Jamacian-style Sweet Potato and Black Bean Stew

Jamacian-style Sweet Potato and Black Bean Stew
Recipe type: Main Course
Cuisine: Vegan
Prep time: 
Cook time: 
Total time: 
Serves: 4-6
This is a rich, spicy vegan stew with a Jamaican flair. Excellent served over rice as a stew or pureed and served as a thick soup. Serves 4-6. Cooked in a 12" or larger dutch oven.
  • 2 Tbsp olive oil
  • 2 pounds of sweet potatoes (three medium or two large), peeled and diced into 1 inch pieces
  • 1 onion, 1 inch dice
  • 1 red bell pepper, seeded and chopped (1/2" dice)
  • 1 jalapeno pepper, seeded and diced fine
  • 1 clove of garlic, minced
  • 1 tsp Ancho Chile Powder
  • 1 tsp cumin
  • 1 Tbs chili powder
  • 2 cups vegetable broth (or water in a pinch)
  • 1 28 oz can diced tomatoes, with liquid
  • 1 15 oz can vegetarian black beans, with liquid
  • Optional:
  • 2 cups jasmine rice
  • 4 cups water
  1. In a 12" Dutch oven, heat the oil over medium heat.
  2. When the oil is shimmering, add the onion and bell pepper. Saute for a couple of minutes, then add the sweet potatoes, jalapeno, and garlic.
  3. Stir to coat and saute for about 5 minutes, stirring frequently, or until the onion is soft and translucent.

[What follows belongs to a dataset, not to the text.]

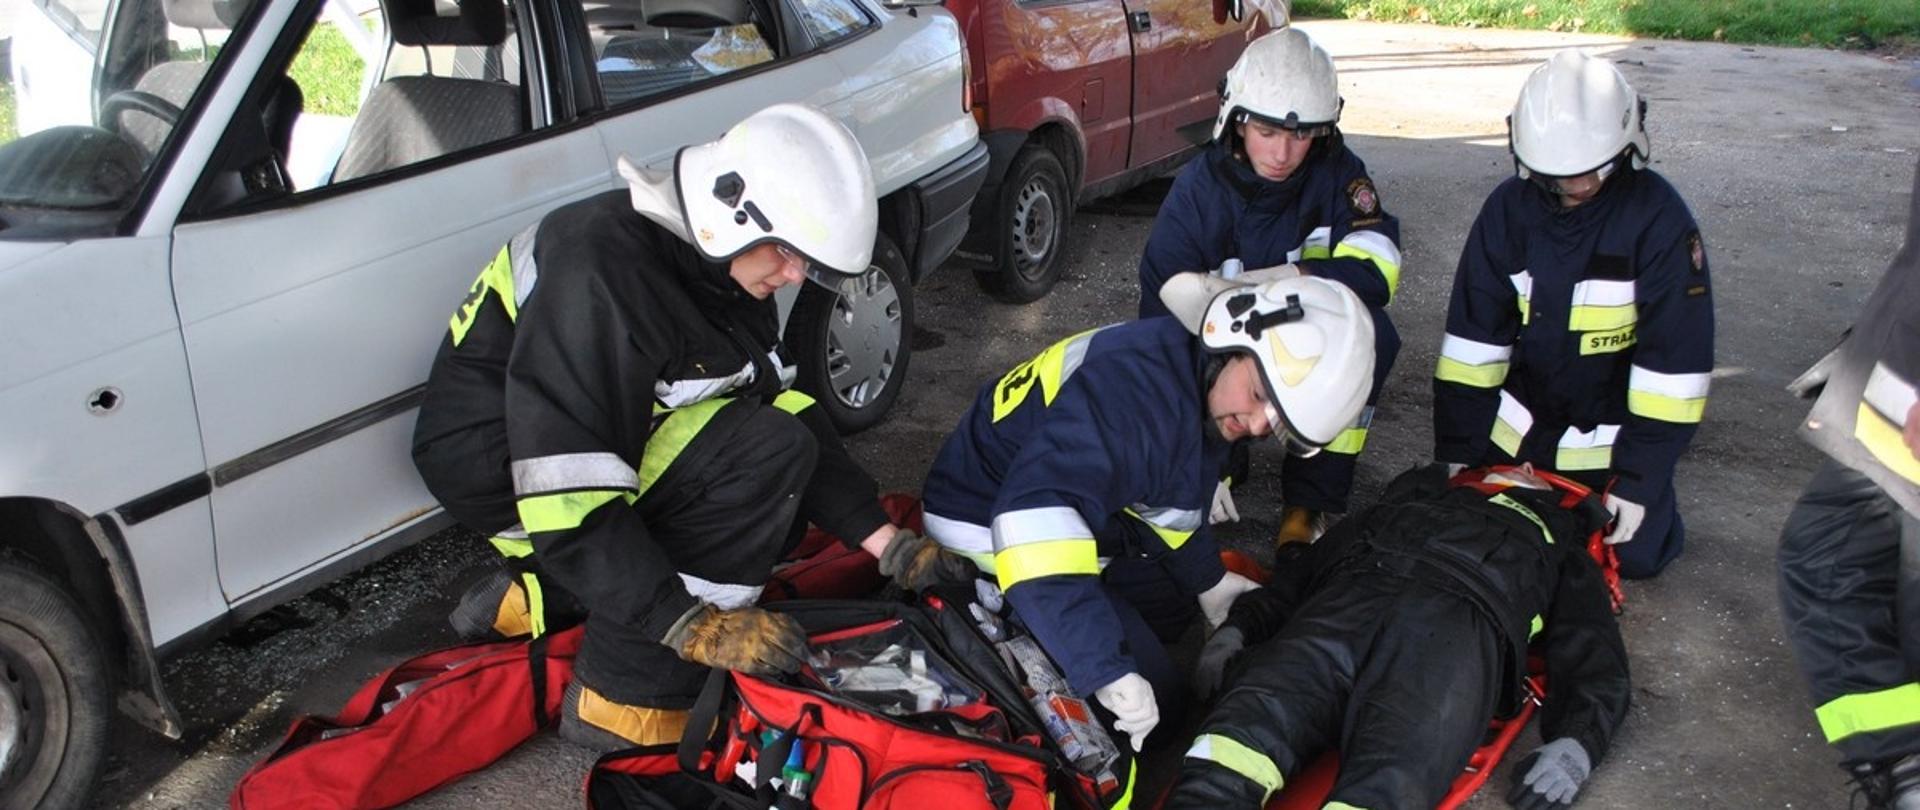 Na zdjęciu widać czterech ratowników szkolących się w udzielaniu pomocy poszkodowanemu. Osoba poszkodowana znajduję się na noszach typu deska, obok poszkodowanego znajduje się torba PSP-R1.

  4. Add the spices (chili powder, cumin, and ancho) then cover the pot and cook for 7-8 more minutes, or until the sweet potatoes are fork tender.
  5. De-glaze the pot with the broth, then add the tomatoes and black beans.
  6. (Note: if serving over rice, start the rice water now....)
  7. Bring the pot to a boil, then lower heat and cook over medium-low heat for another 15-20 minutes, stirring occasionally, until thickened.
  8. Serve over rice as a stew, or...
  9. Using a blender, puree the stew in batches, a couple of cups at a time, until smooth. Serve hot or cold.
  10. Variations:
  11. Substitute pinto beans for the black beans
  12. For an Asian feel, Add 1 Tbs fresh-grated ginger with the other spices and sprinkle a few tsp of shredded coconut on top when serving.